Wednesday, July 24, 2013

Summer Sports

My oldest child is an athlete, there's no doubt about it. My husband and I parent our kids believing that they need to be active and involved. We don't want them over-programmed, but we don't want them just sitting around either. Finding something for our first child to do in the fall and winter months was very easy, hockey. He LOVES hockey. I mean the kind of love where he played with pucks at the age of 3 and would rather watch NHL videos than the latest offering from Nickelodeon. He's been playing hockey officially since kindergarten and it's been great. He stays fit and active and he's made a great group of friends. (We have too, nothing like hockey parent camaraderie in a bone-chillingly-cold arena in the middle of January).
Spring and summer sports have been a little trickier. Usually, we put our kids in spring swimming lessons. They are timed well, beginning at the end of hockey season and finishing before school gets out. But what about summer? Should they be involved in summer sports too? My son started with soccer. Of course soccer. Soccer is the go-to summer sport. More kids play soccer than any other summer sport. It's so popular that our town offers two leagues, each league running multiple same aged teams at 3 fields each in different parts of the city. So soccer it was, the summer he was 4.
My son's first experience with organized sports - 2008
And it was...okay.  He liked it well enough, but I found it frustrating.  It wasn't very well organized.   Communication wasn't great.  And he didn't really love it.  It was hard to leave a day out at the beach to come home to soccer.  We did try soccer with him again when he was in going into grade one, an indoor league, and that confirmed it.  Soccer just wasn't his sport.
So we crossed soccer off the list.  We did summer swimming instead.   Then the summer after grade one he wanted to try softball.  Softball!  (Here's where the personal bias steps in).  I love, love, love baseball.  I was a big Seattle Mariners fan growing up.  He has great hand-eye coordination.  Softball would be fun.
My son playing softball in the summer of 2011
And it was fun.  I enjoyed it.  He seemed to enjoy it.  The organization was well, pretty terrible really.  But he was good at it.  So I thought good.  Hockey in the winter and Softball in the summer.  Wrong!
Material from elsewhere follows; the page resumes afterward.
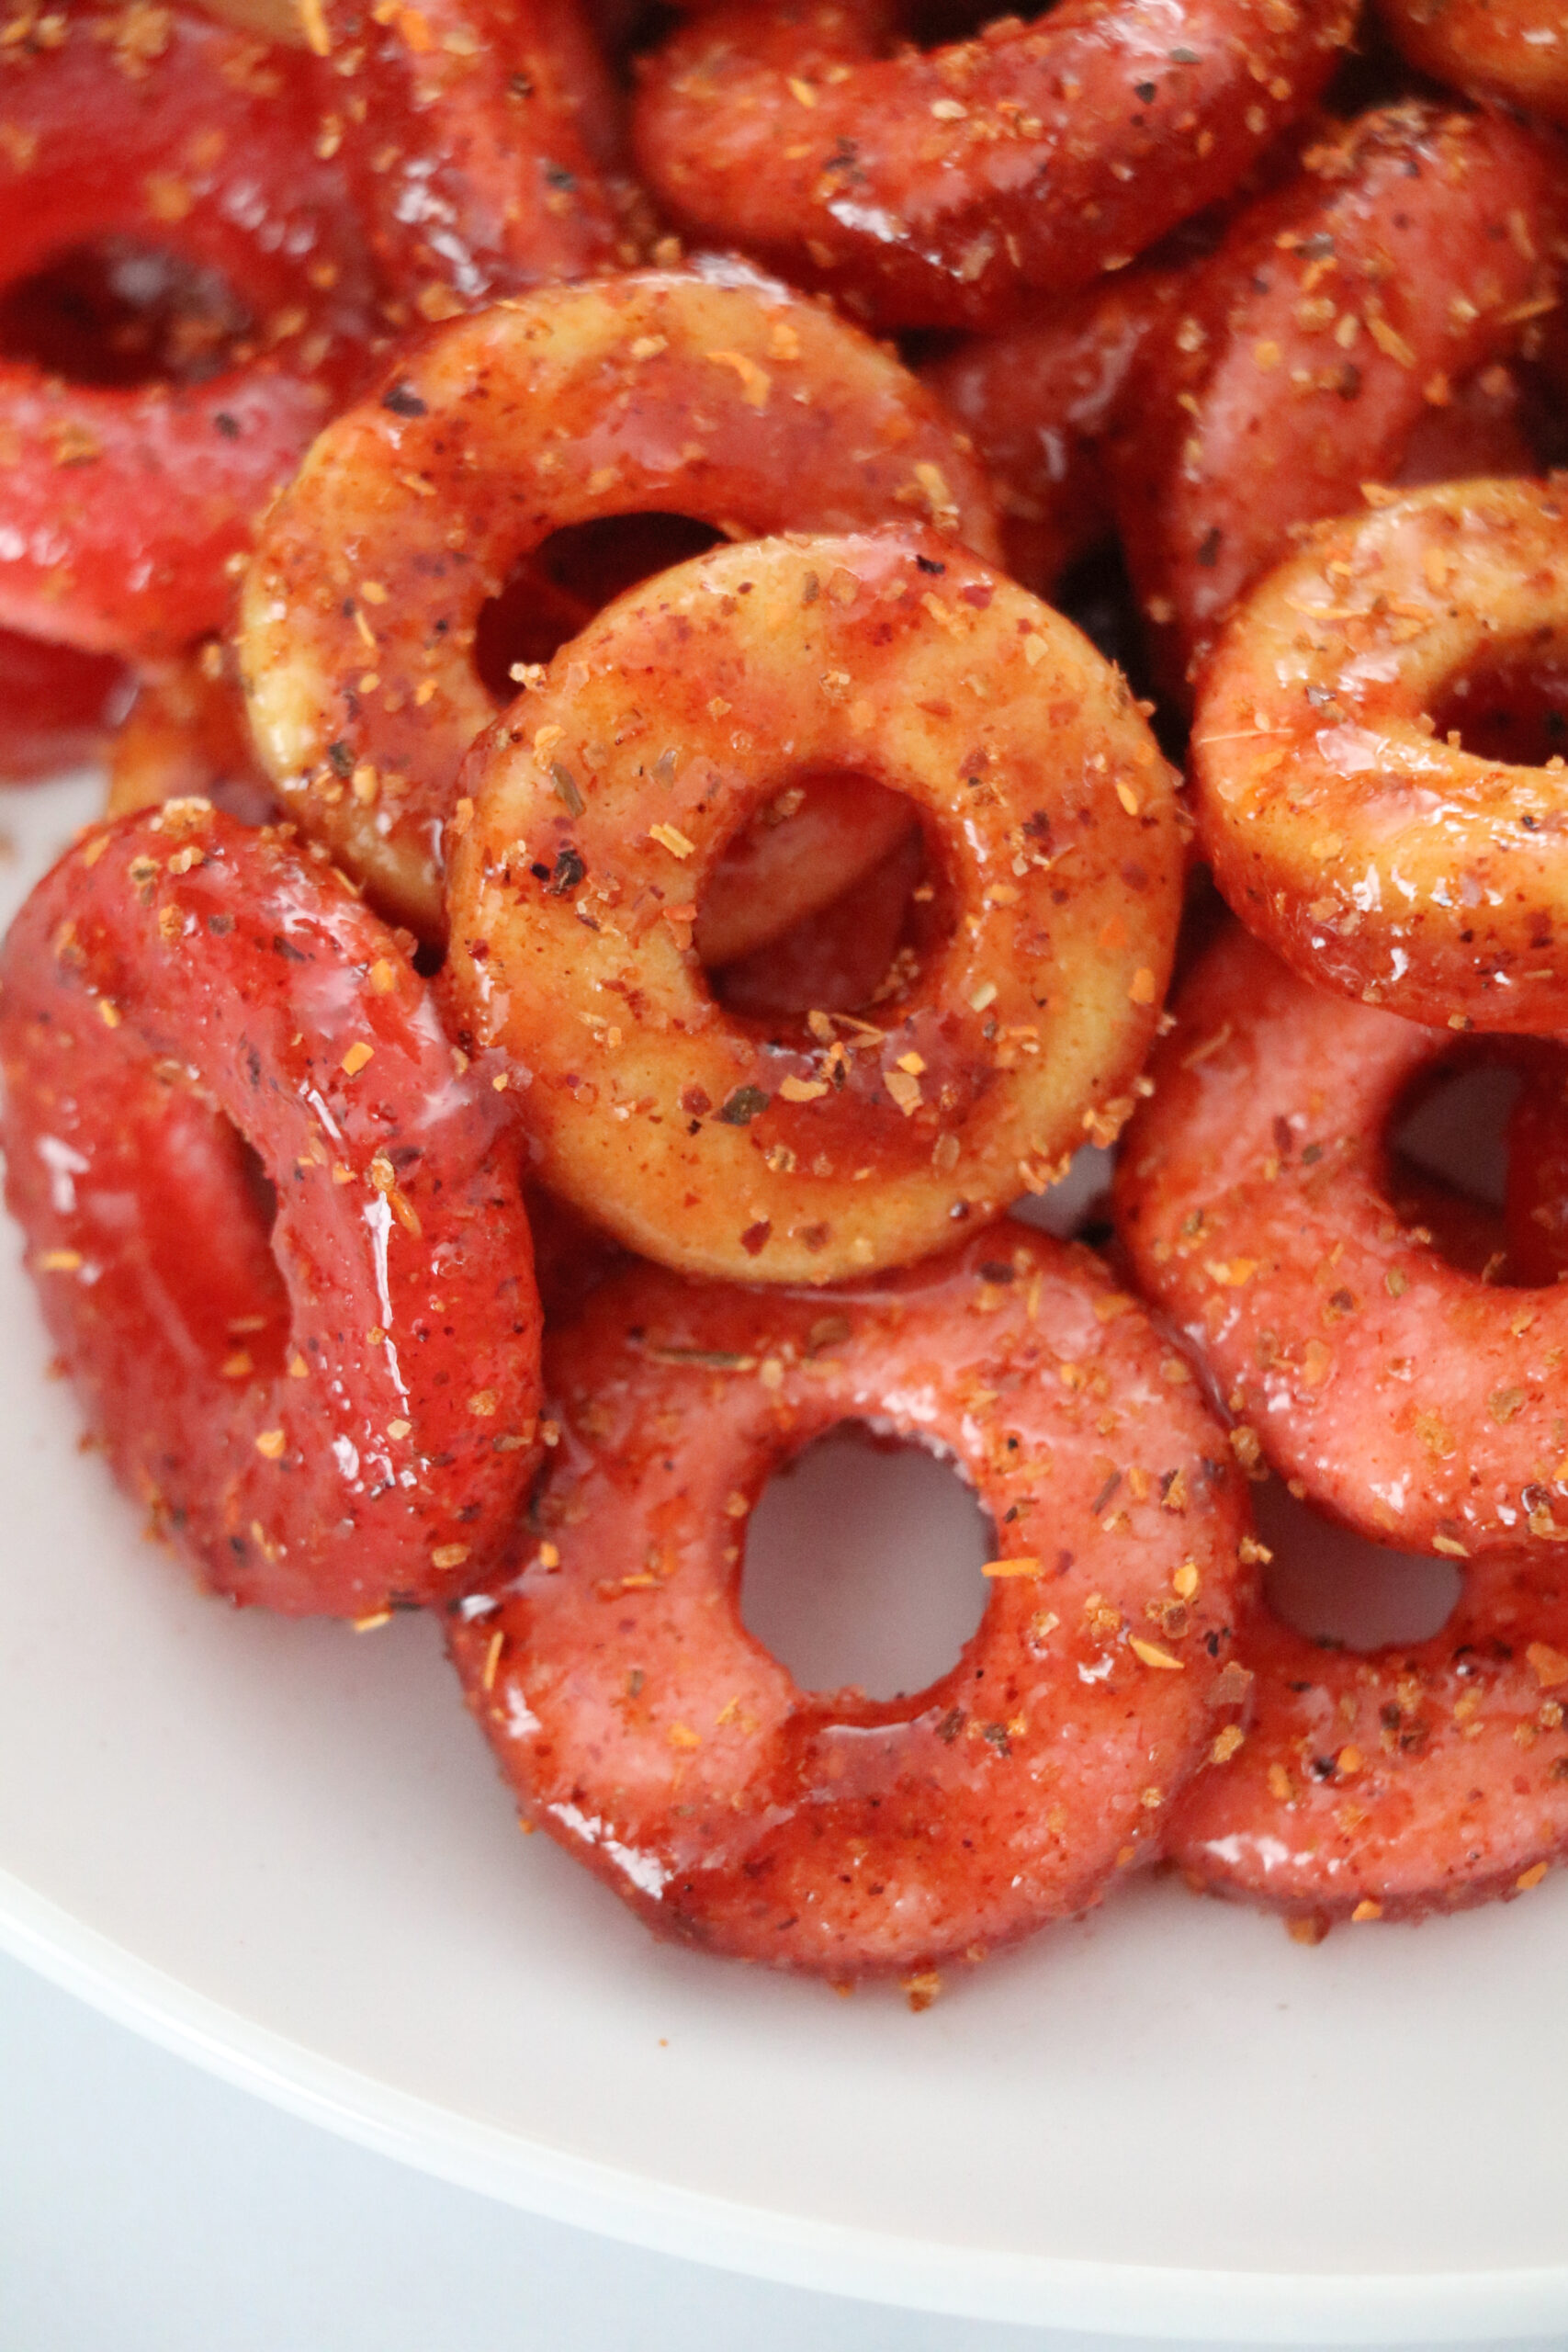 dulce enchilados peach and watermelon rings

As spring of grade 2 came closer with softball registration, he decided he would rather try...lacrosse.
Lacrosse?  I knew very little about lacrosse.  But the posters were up at his hockey arenas with NHL players endorsing the sport.  Anything to help his hockey he really, really wanted to give lacrosse a try.  So we did.  Lacrosse was nothing like I was expecting.  It is a very fast, rough sport, but so much fun! I would be happy watching my kids play lacrosse anytime.  We loved it.
Lacrosse in 2012
So I thought we had a plan, a new plan.  Hockey in the winter and lacrosse in the summer.  Wrong!  This spring we began to talk about summer plans and he had a new idea.  Yes, he liked lacrosse, yes, he liked softball, but what he really loved was hockey.  And couldn't he go to a hockey camp?  Summer hockey?  Isn't that just what those crazy hockey parents do?  Put their child into summer hockey?  And isn't it crazy expensive?  So we thought about it and researched it.  Absolutely there are some crazy pressure expensive summer options out there, but we found something else.  We found a 4 on 4 league.  A no-pressure game every week for 10 weeks with the same kids at a reasonable cost.
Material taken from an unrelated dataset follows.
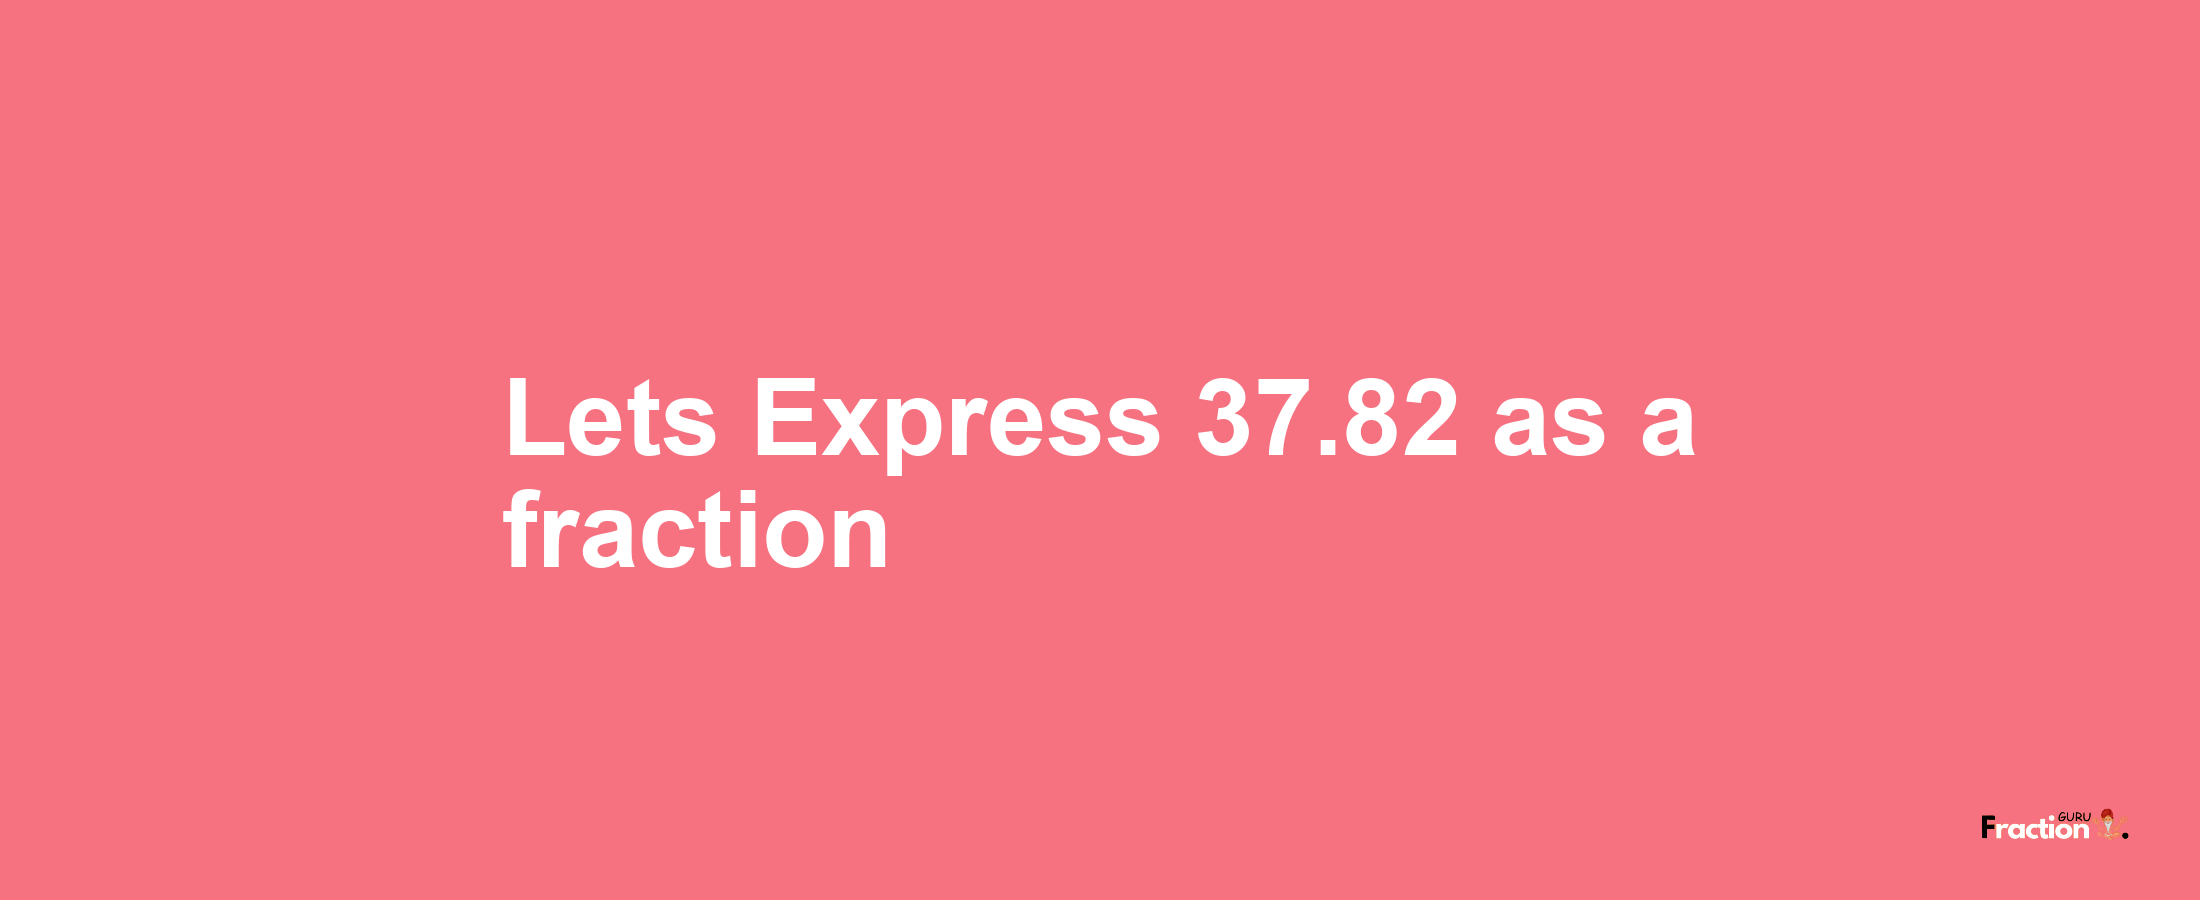 Lets Express 37.82 as afraction

If I had any doubts about summer hockey they were erased the first night he came home from it.  He was beaming, truly happy.  He loved it.  4 on 4 is different than regular season hockey.  There are no face-offs and the on ice players switch at the buzzer every 3 minutes so they get a lot of on-ice time in their hour. 
Summer 2013 - 4 on 4 Summer Hockey
I guess when you love something as much as he loves hockey, there's nothing else. 
Incidentally, my other kids play a summer sport too, soccer.  They love it.